Она так смешно произнесла это слово: О-о-хи-и-хи-ия.

— Это, кажется, рядом с горой Сент-Хеленс? С географией у меня всегда было неважно. Калипсо рассмеялась. Смех ее звучал чуточку натянуто, как будто я показался ей жутко смешным, но она не хочет обидеть меня откровенной насмешкой. Она стала такой хорошенькой, когда рассмеялась!

— Мой остров ни с чем не рядом, герой,— ответила она наконец.— Огигия — призрачный остров. Он существует сам по себе, везде и нигде. Здесь ты можешь чувствовать себя в безопасности. Бояться тебе абсолютно нечего.

— Но как же мои друзья?

— Аннабет? — уточнила она.— И Гроувер с Тайсоном?
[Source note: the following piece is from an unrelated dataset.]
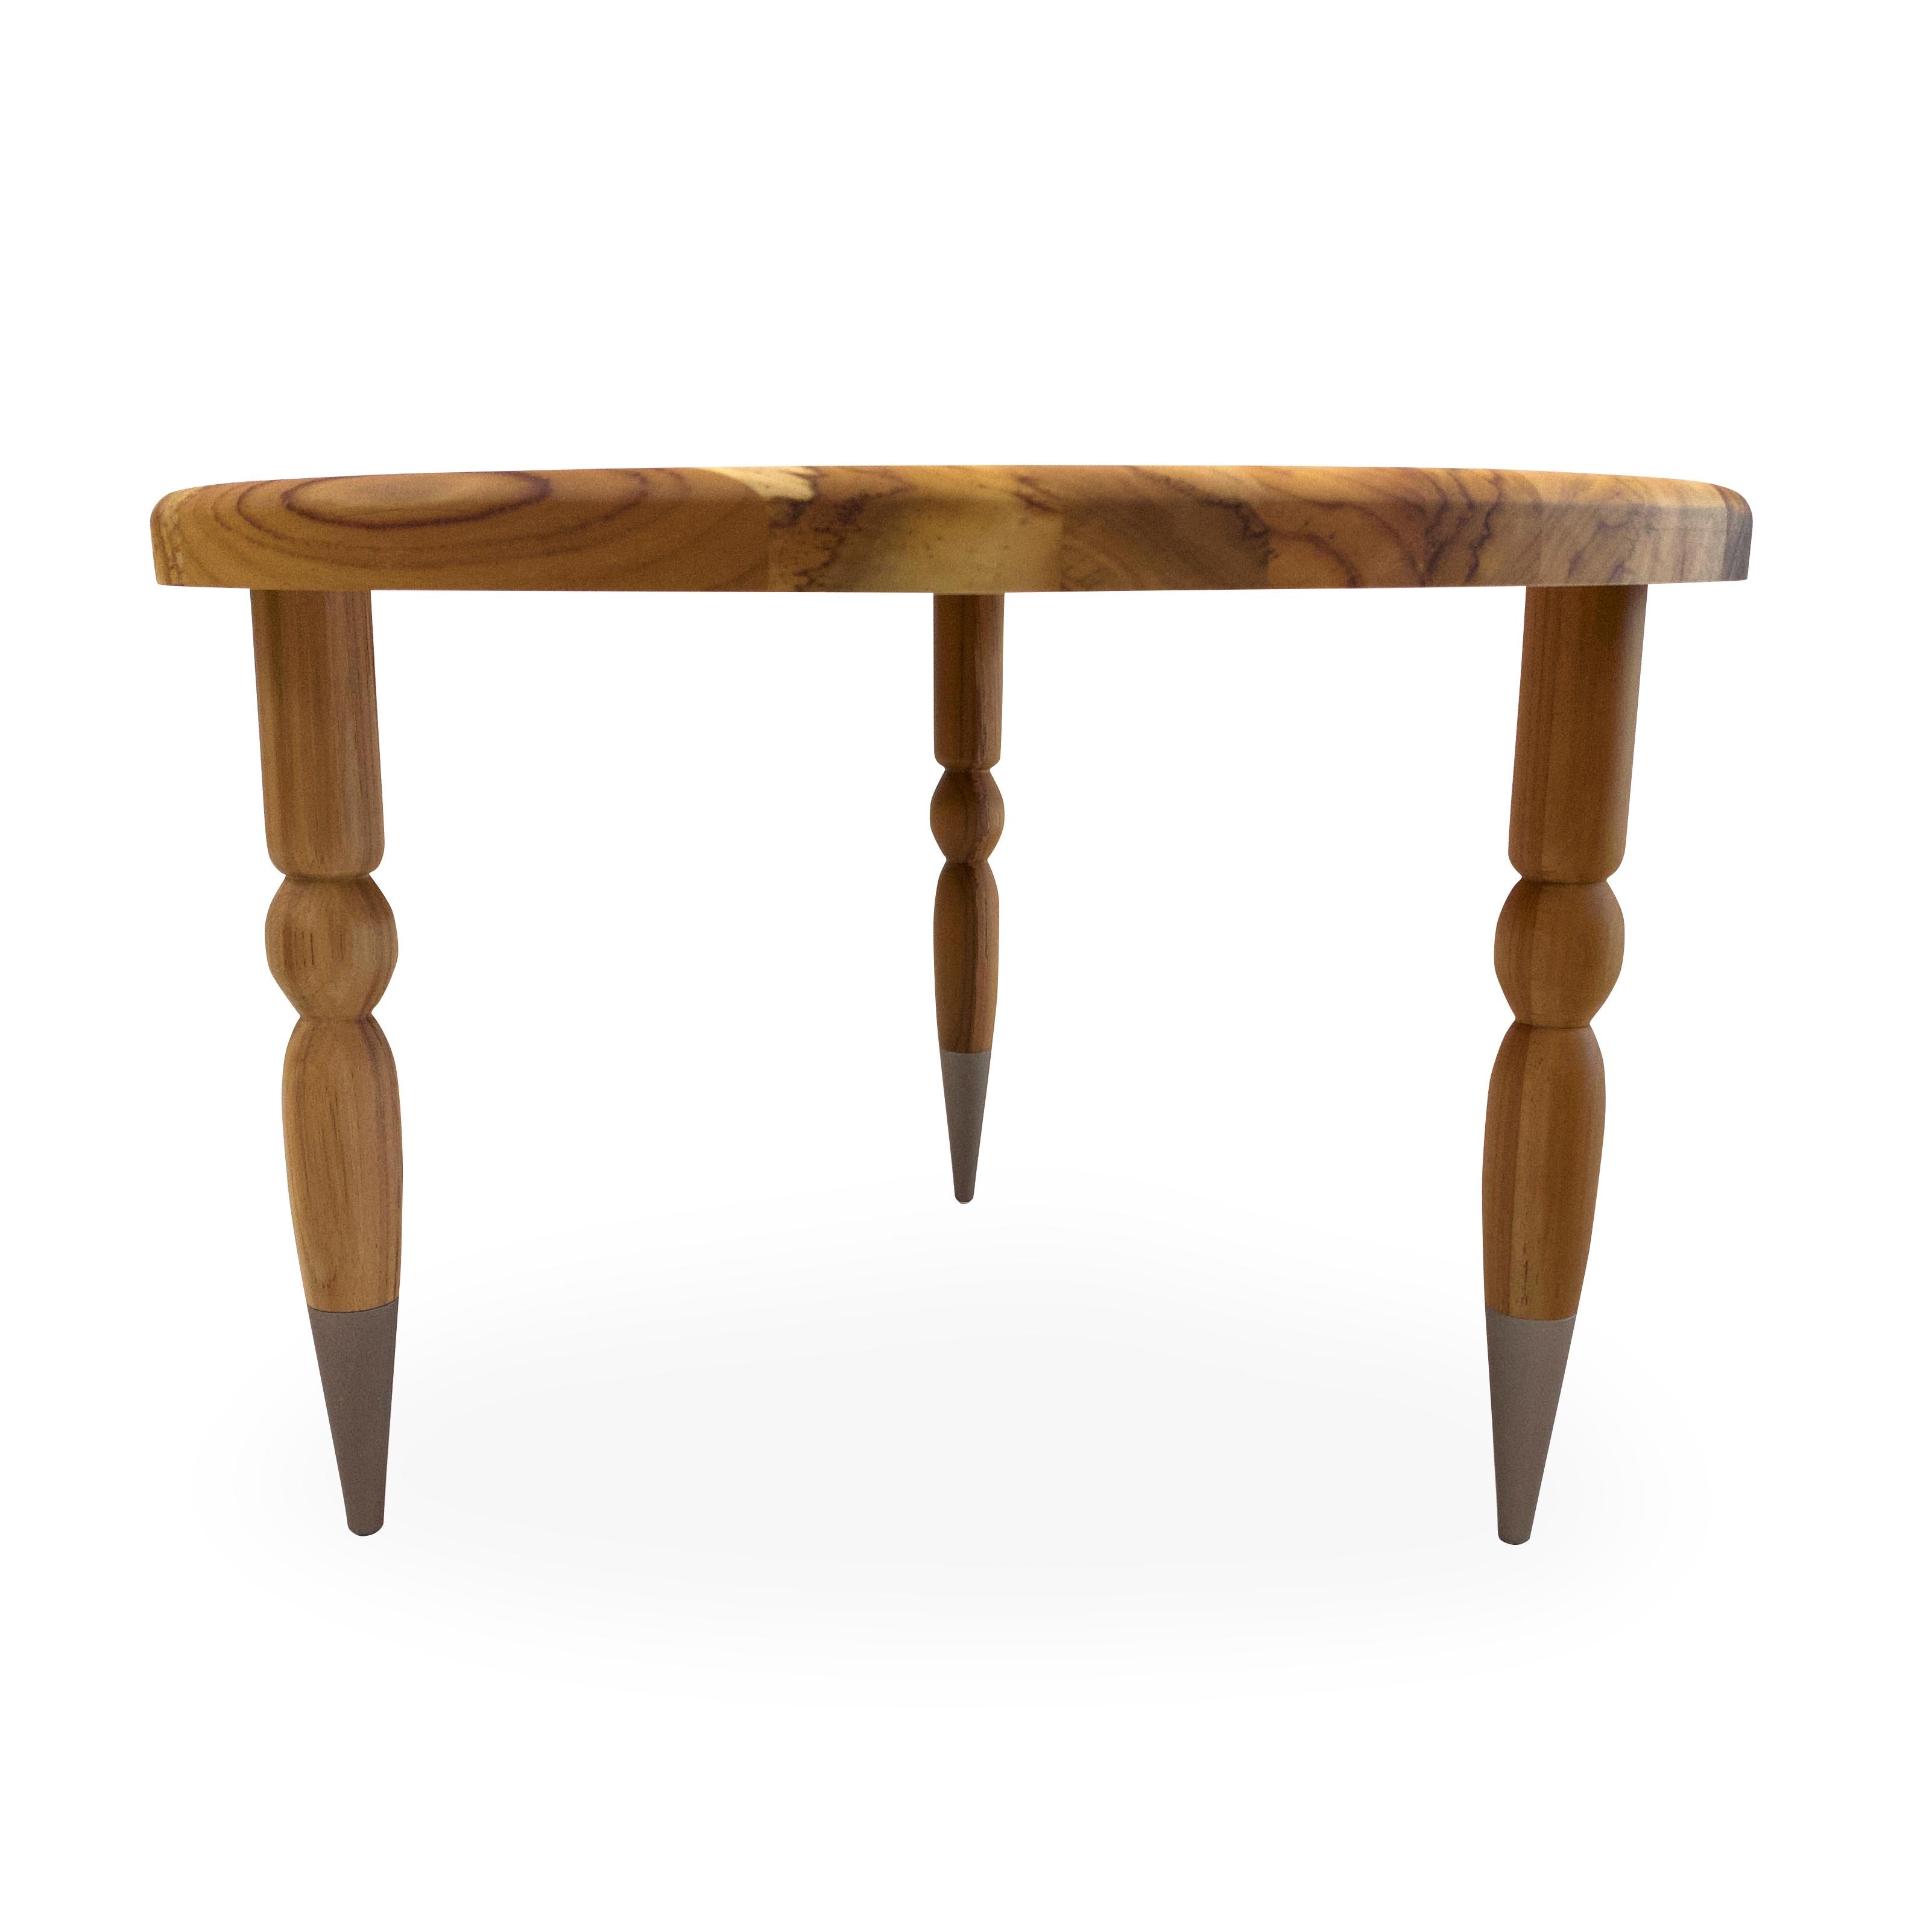 Palo Side Table in Teak Wood with Chocolate Turned Spindle Legs, Set of 3 For Sale 2

— Точно. Мне нужно возвратиться к ним. Боюсь, они-то не в безопасности.

Когда она второй раз прикоснулась кончиками пальцев к моему лицу, я уже не испугался.

— Сначала тебе нужно набраться сил. Что толку от тебя твоим друзьям, когда ты так слаб и сам нуждаешься в помощи.

Как только она это сказала, я сразу почувствовал себя невероятно усталым.

— А ты... ты не злая колдунья?

— С чего ты так решил? — Калипсо лукаво улыбнулась.

— Потому что, знаешь, я уже встречался однажды с одной волшебницей, Цирцеей, на ее острове. Она тоже, между прочим, была очень красивой. Только эта Цирцея обращала людей в морских свинок.

Калипсо снова рассмеялась.

— Обещаю, что не стану обращать тебя в морскую свинку.

— А в кого-нибудь другого?

— Нет, я не злая колдунья,—прямо сказала она— И совсем не враг тебе, храбрый герой. А теперь пора подумать об отдыхе. У тебя глаза сами закрываются.

Калипсо была права. Ноги у меня вдруг подогнулись, и я непременно уселся бы прямо на гальку, если б она не подхватила меня. Девушка оказалась очень сильной, а может, это просто я стал тощим и легким. Калипсо подвела меня к скамье, стоящей у фонтана, и помогла прилечь на подушки. Волосы ее пахли корицей.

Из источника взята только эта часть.